■ Given data
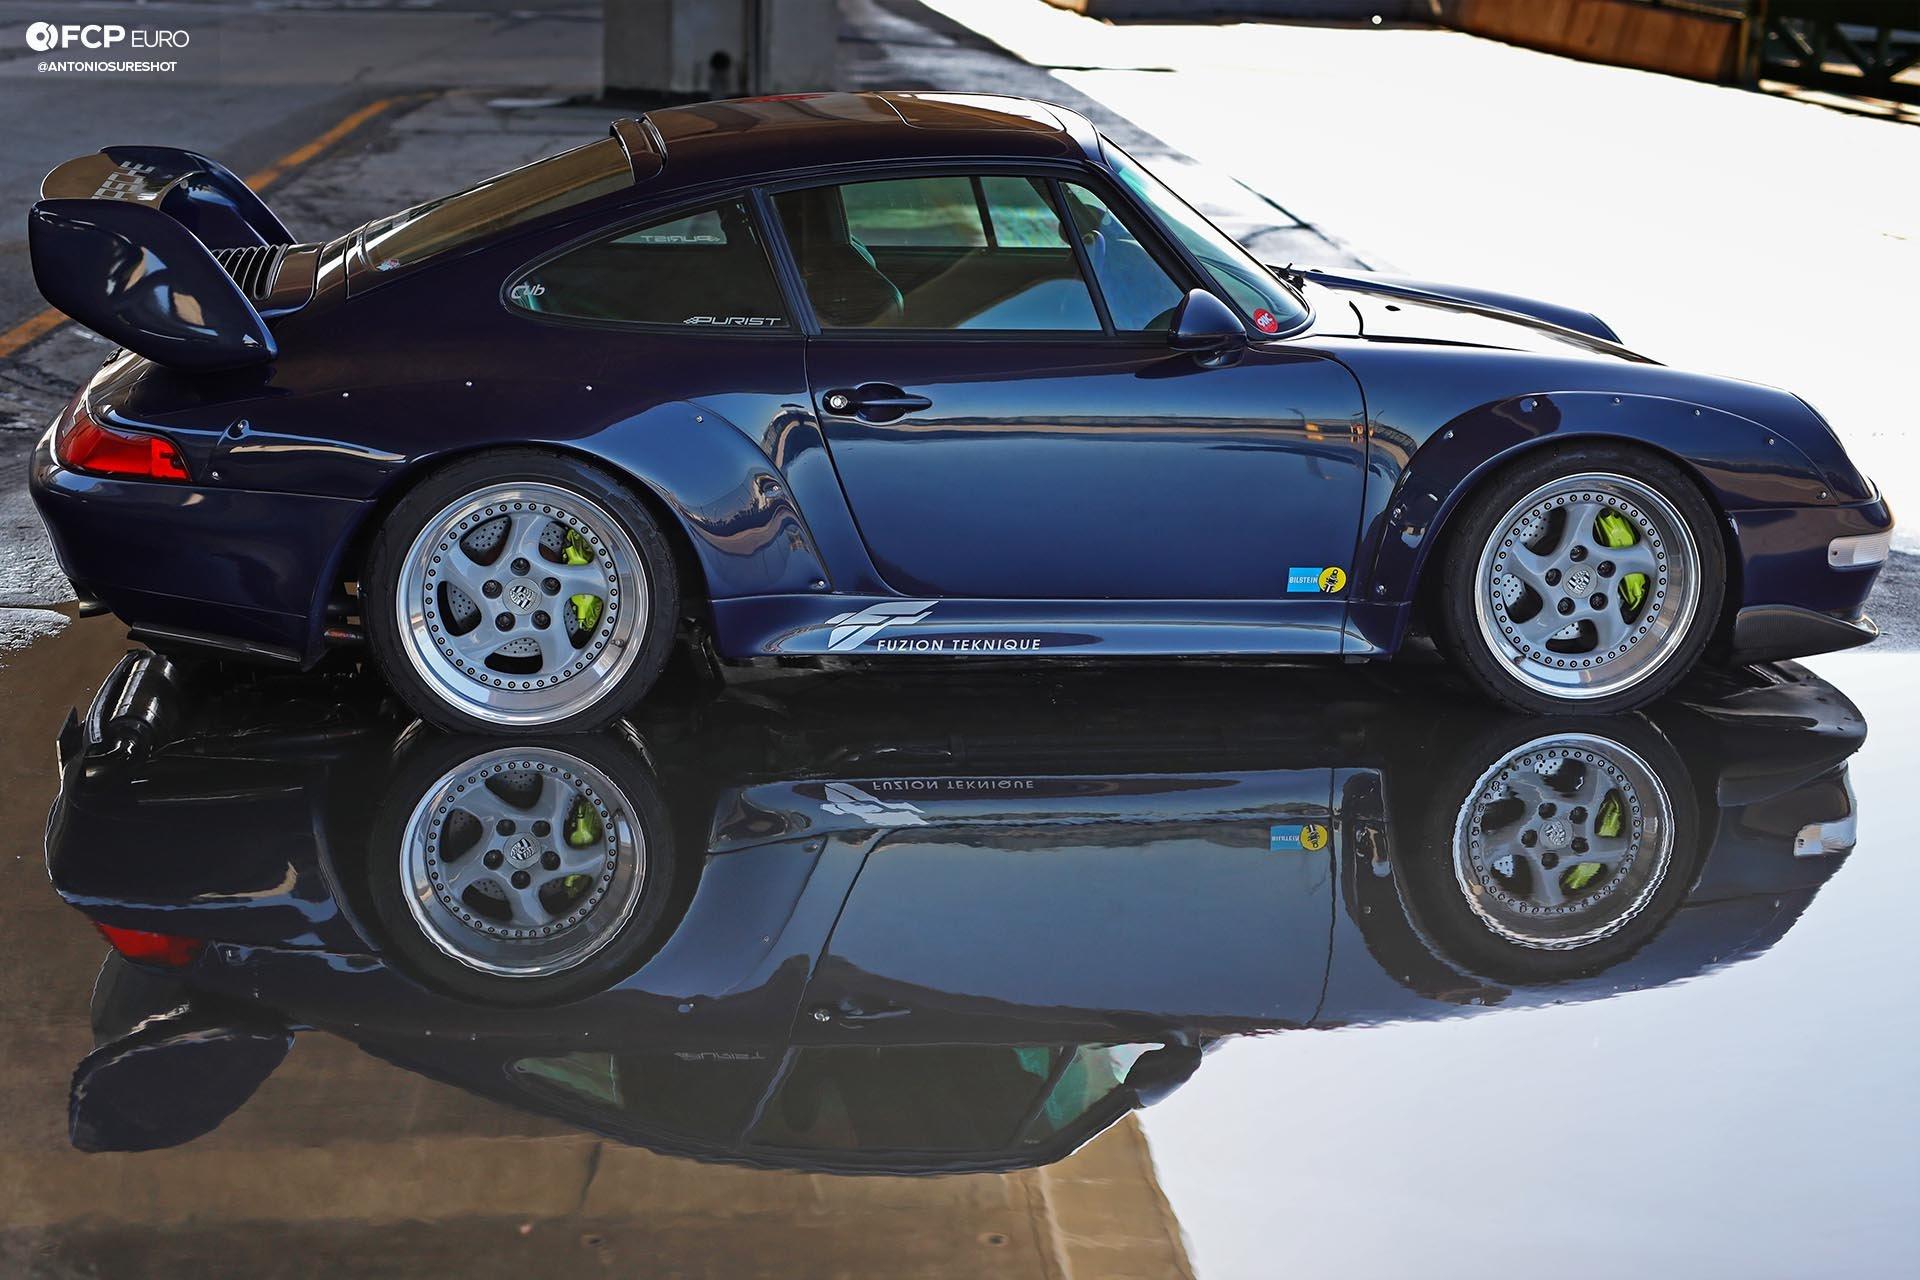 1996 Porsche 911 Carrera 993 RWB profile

---

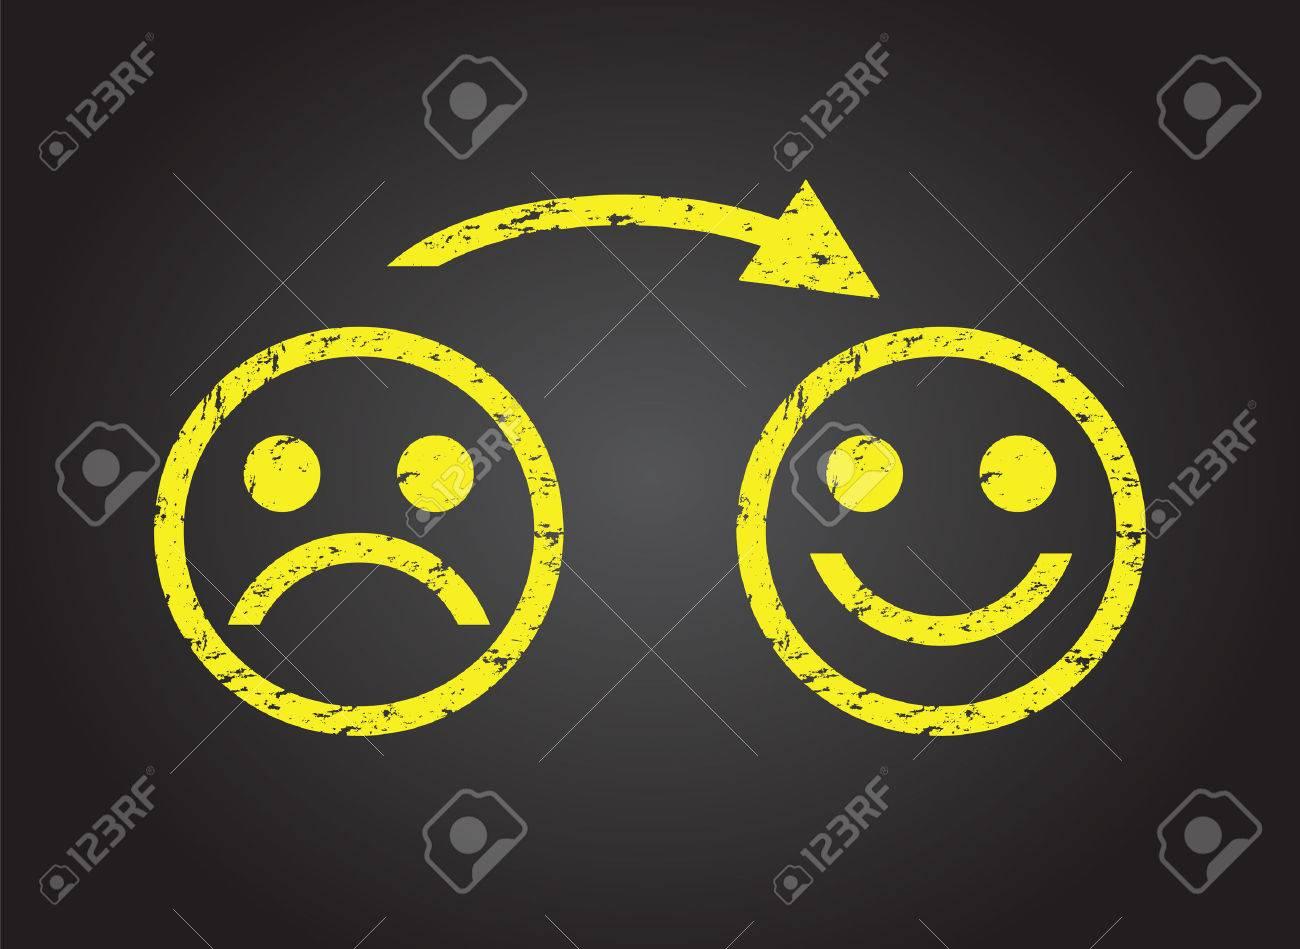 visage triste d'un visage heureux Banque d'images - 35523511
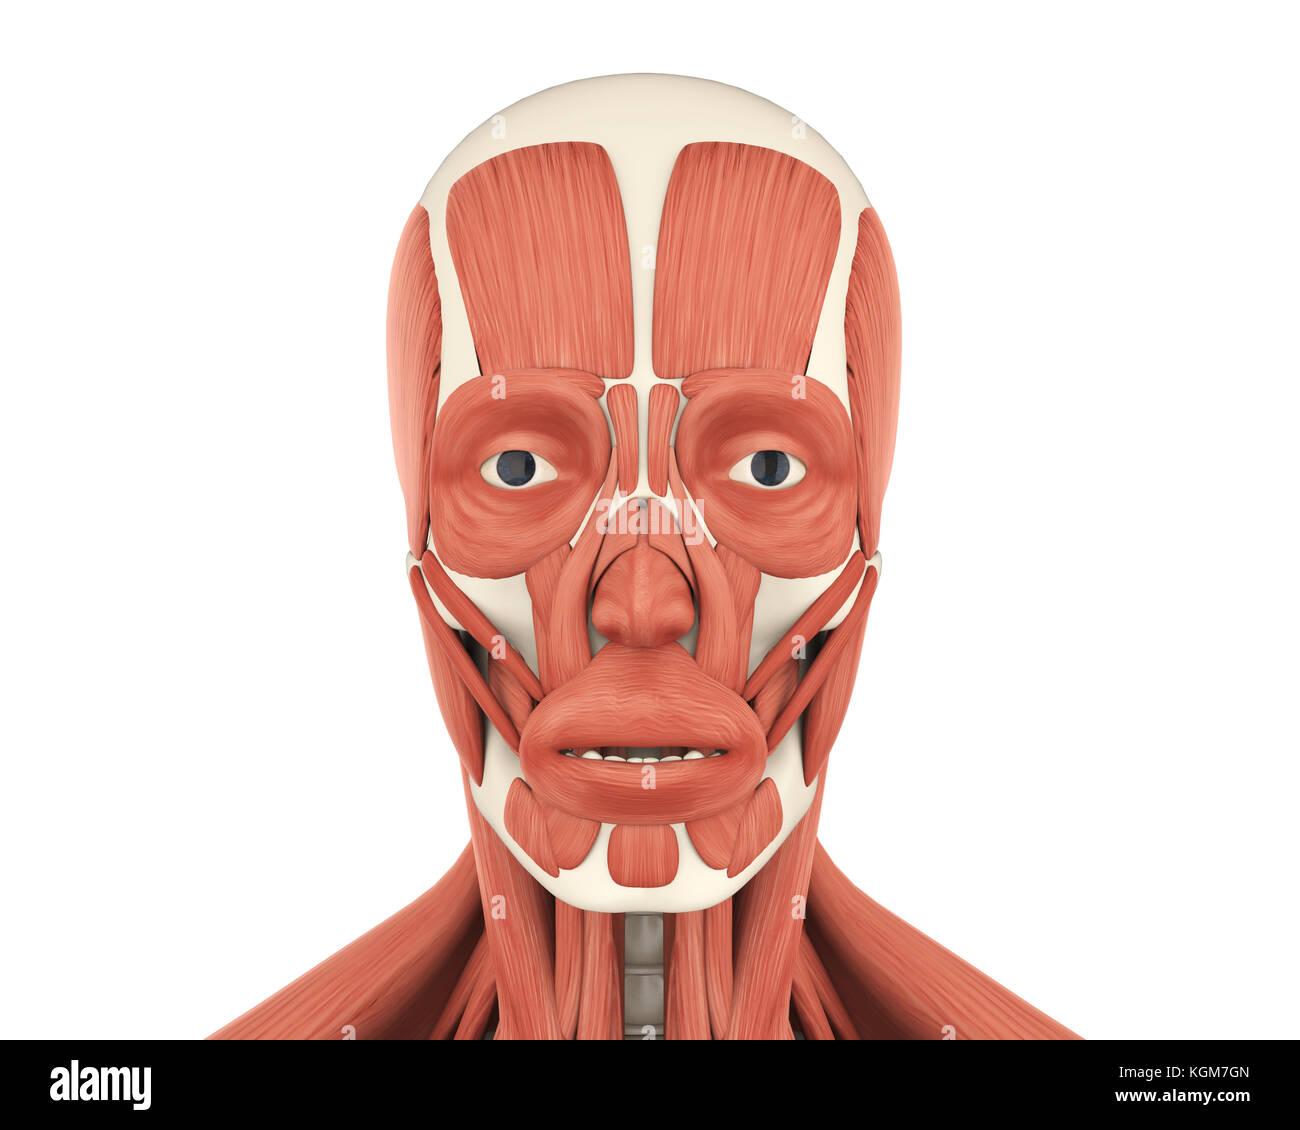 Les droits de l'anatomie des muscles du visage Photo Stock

* * *

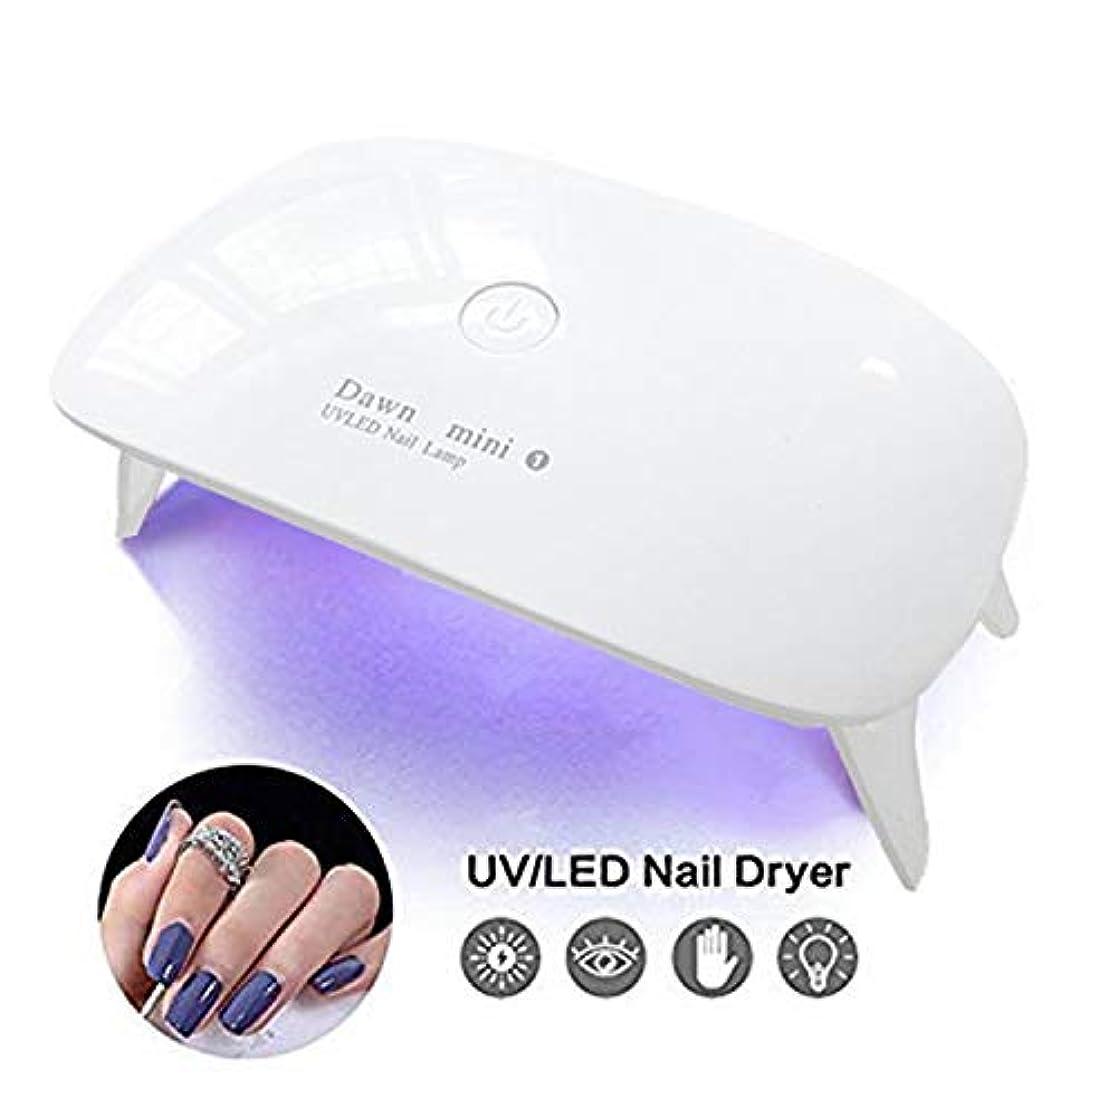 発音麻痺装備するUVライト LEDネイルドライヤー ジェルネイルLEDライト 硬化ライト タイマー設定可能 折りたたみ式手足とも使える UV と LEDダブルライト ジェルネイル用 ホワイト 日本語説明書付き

■ Work to be completed
In the material above, which lines fall between the one holding "visage triste d'un" and the one holding "Les droits de", inclusive? Print exactly those, with the pictures left out.

■ Task response
 visage triste d'un visage heureux Banque d'images - 35523511
 Les droits de l'anatomie des muscles du visage Photo Stock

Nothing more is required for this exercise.